大相撲 元横綱 曙太郎さん死去 54歳 外国出身力士史上初の横綱

大相撲で、外国出身力士として史上初めて横綱となった、元曙の曙太郎さんが亡くなりました。54歳でした。

記事後半では、現役時代、しのぎを削ってきた「若貴兄弟」との歴史や、角界などからの追悼のメッセージをお伝えしています。

元横綱 曙太郎さん死去 外国出身力士史上初の横綱

元横綱・曙の曙太郎さんは、ハワイ・オアフ島出身。若乃花、貴乃花と同じ昭和63年の春場所で初土俵を踏みました。

身長2メートル3センチ、体重200キロを超える体格と長い腕を生かした突き押し相撲で活躍しました。
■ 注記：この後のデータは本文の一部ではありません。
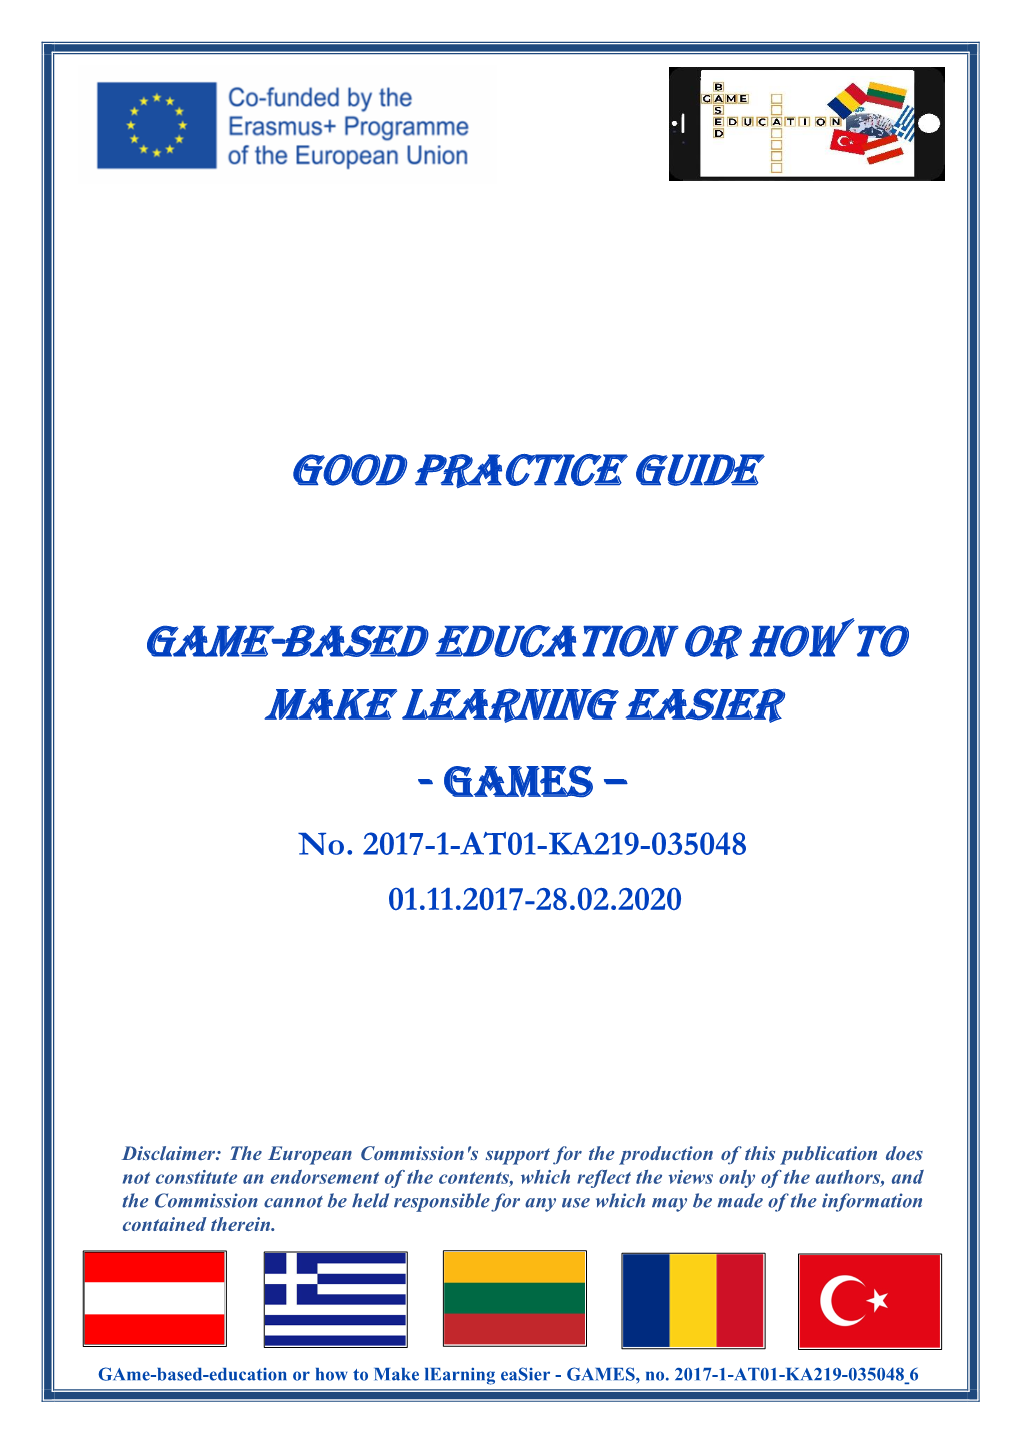 GOOD PRACTICE GUIDE Game-Based Education Or

そして、大関として臨んだ平成4年の九州場所と続く平成5年の初場所で連続優勝して、外国出身力士としては初めての横綱に昇進し、平成13年の初場所後に引退するまで11回の優勝を果たしました。

引退後は、東関部屋の部屋付きの親方として後進の指導にあたっていましたが平成15年に日本相撲協会を退職し、その後、プロレスなどほかの格闘技に舞台を移して活動しました。

日本相撲協会によりますと、今月上旬、都内の病院で心不全のため、亡くなったということです。54歳でした。

(※しこ名は者の上に点)

元横綱 貴乃花の貴乃花光司さん「安らかに」

元横綱・貴乃花の貴乃花光司さんは同じ時期に角界入りした曙太郎さんが亡くなったことについて所属事務所を通じてコメントを出し「数々の闘いの思い出がありますが、相撲教習所に半年間通った頃の稽古の思い出が出てきます。ハワイから来日し、日本の文化を感じて幾多の苦労があったかと思います」と振り返りました。

そして「ハワイ巡業の際には地元ご家族も来ており、穏和な挨拶を交わしたことは新しい記憶のように思い出しています。百折不撓の人生観だったと思いますが、これからは身を楽にして安らかに」としています。

元横綱 若乃花の花田虎上さん「ただただ寂しい」

曙太郎さんが亡くなったことについて、同じ時期に角界入りした元横綱 若乃花の花田虎上さんは「曙の訃報に際し」というタイトルでみずからのブログを更新し「ライバルであり友であり、苦楽をともにした仲間が旅立ちました。現在、曙の訃報に際し、コメントを求められていますが、あまりのショックにお話できるような状態ではありませんので申し訳ありませんが文章にします。突然のことに送り出す言葉が全く見つかりません」と心境をつづっています。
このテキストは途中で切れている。